━━━━━ Information provided ━━━━━

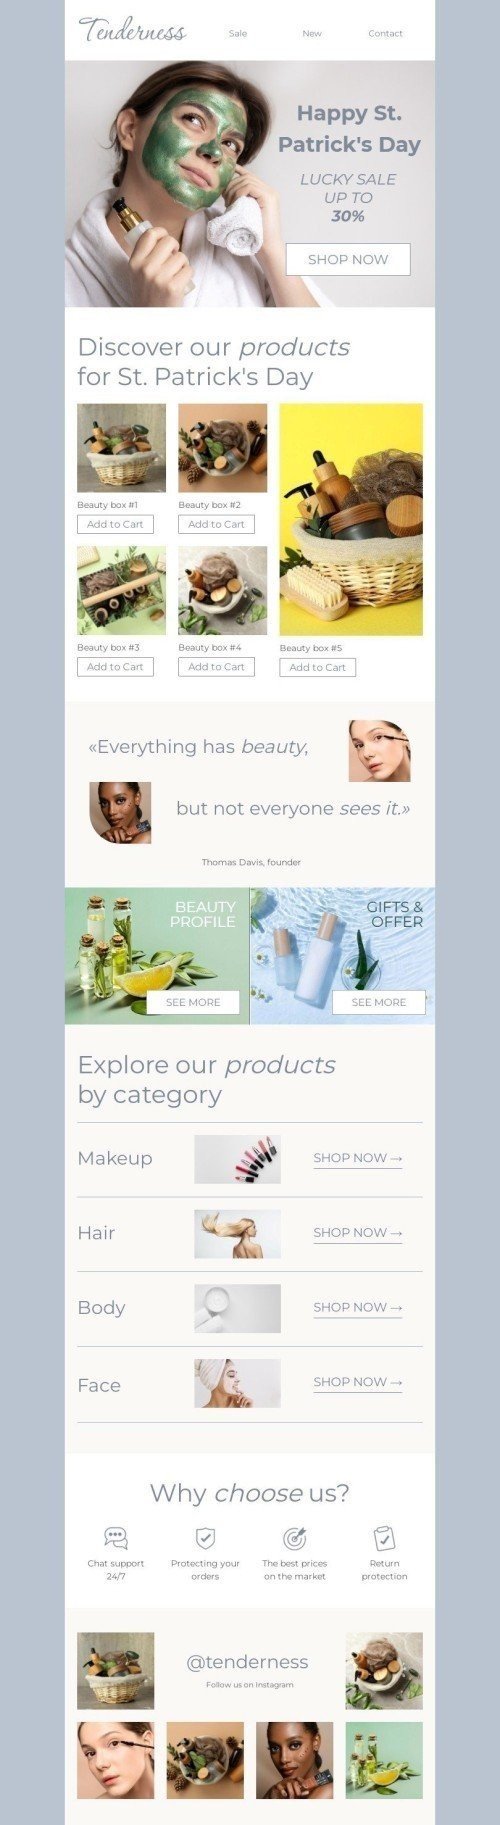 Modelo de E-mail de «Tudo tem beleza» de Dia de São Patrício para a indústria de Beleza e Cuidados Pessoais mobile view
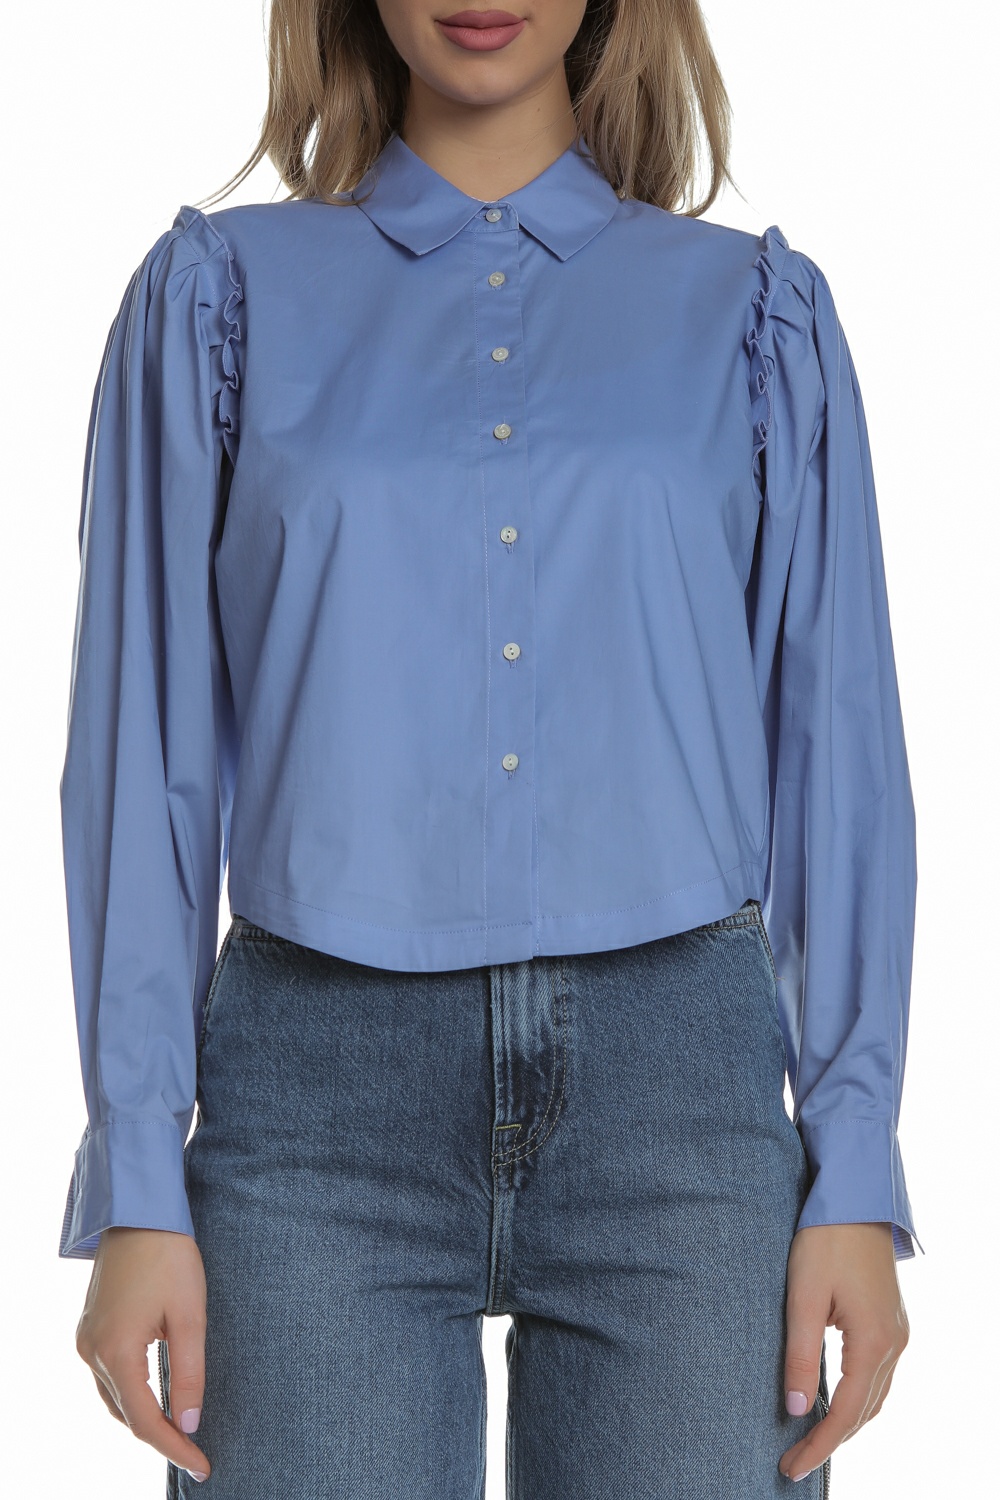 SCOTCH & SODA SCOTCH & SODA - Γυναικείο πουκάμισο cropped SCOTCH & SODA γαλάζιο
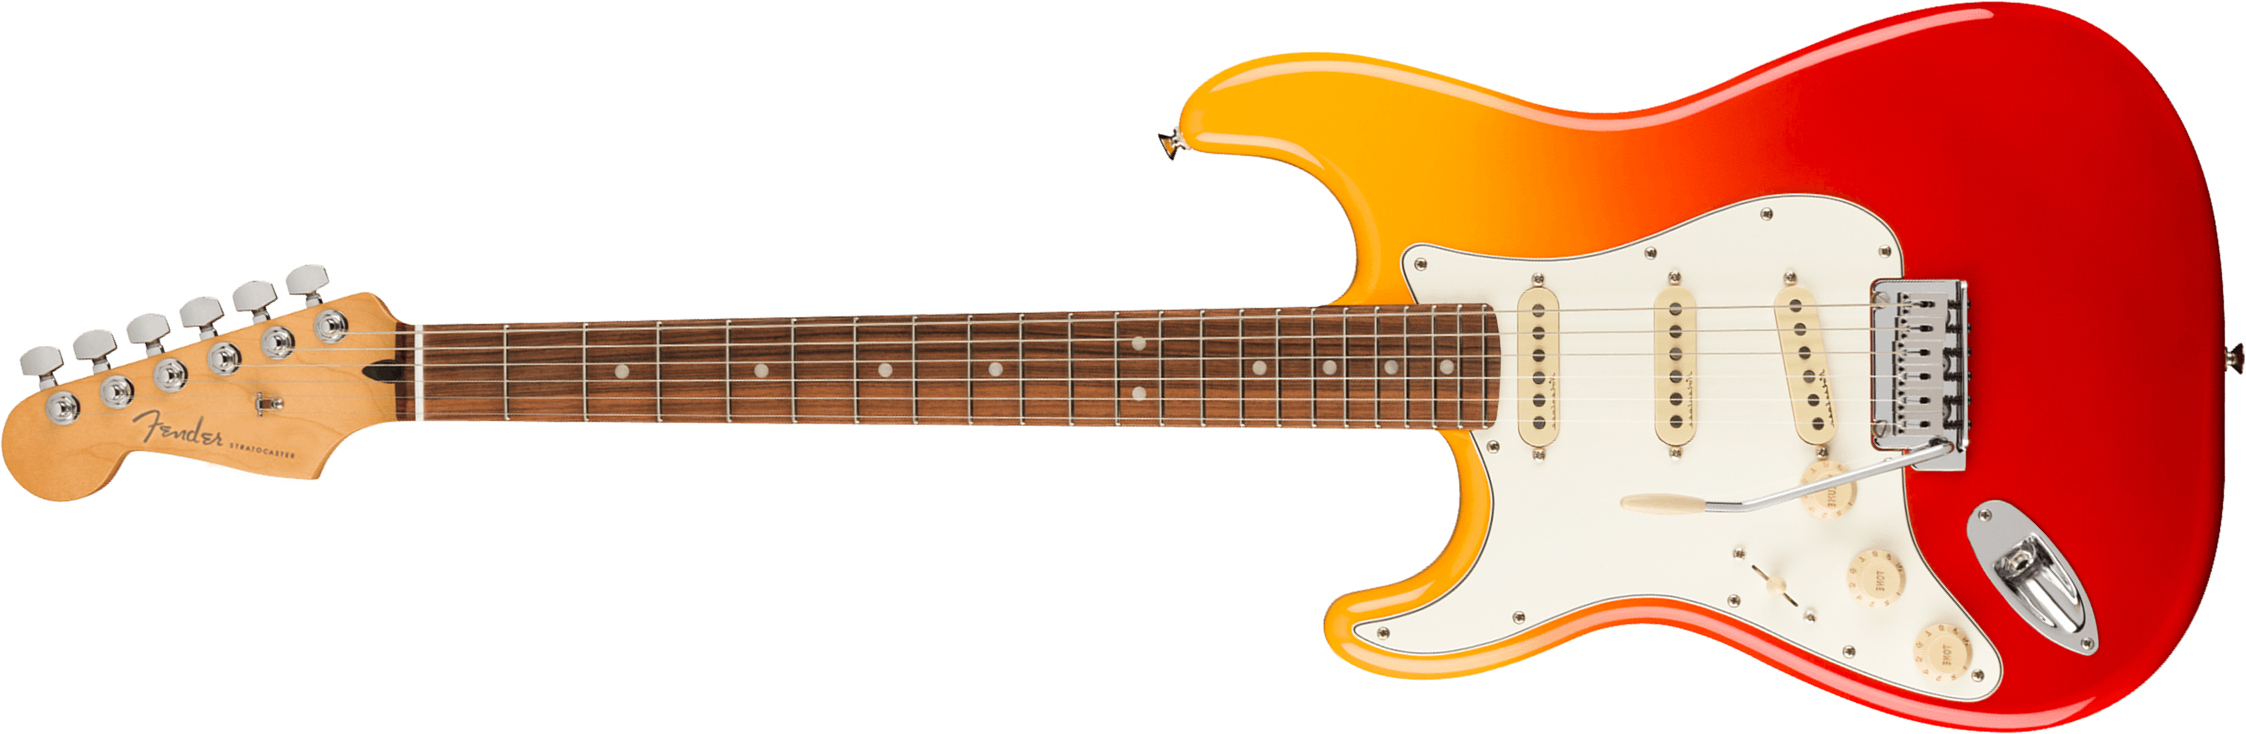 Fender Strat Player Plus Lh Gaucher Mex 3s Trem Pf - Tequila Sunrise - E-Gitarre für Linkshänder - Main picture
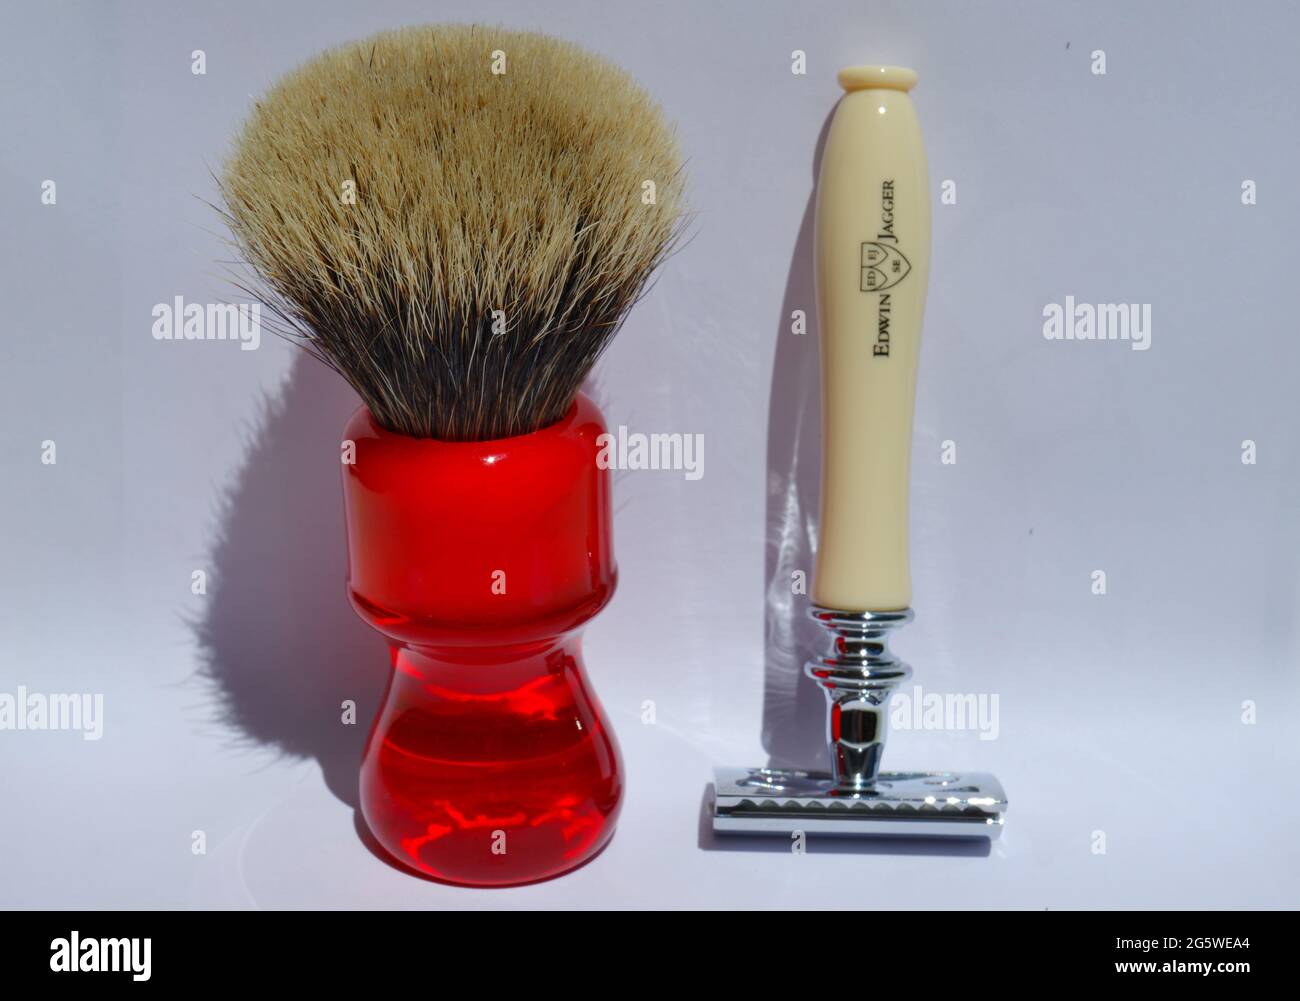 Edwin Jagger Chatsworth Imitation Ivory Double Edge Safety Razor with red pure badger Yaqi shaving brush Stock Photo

━━━━━

■ **Assigned task**
From the line containing "SCOTCH & SODA SCOTCH" through the final line of the listing above, reproduce every line exactly, with no pictures.

■ **Output**
 SCOTCH & SODA SCOTCH & SODA - Γυναικείο πουκάμισο cropped SCOTCH & SODA γαλάζιο
 Fender Strat Player Plus Lh Gaucher Mex 3s Trem Pf - Tequila Sunrise - E-Gitarre für Linkshänder - Main picture
 Edwin Jagger Chatsworth Imitation Ivory Double Edge Safety Razor with red pure badger Yaqi shaving brush Stock Photo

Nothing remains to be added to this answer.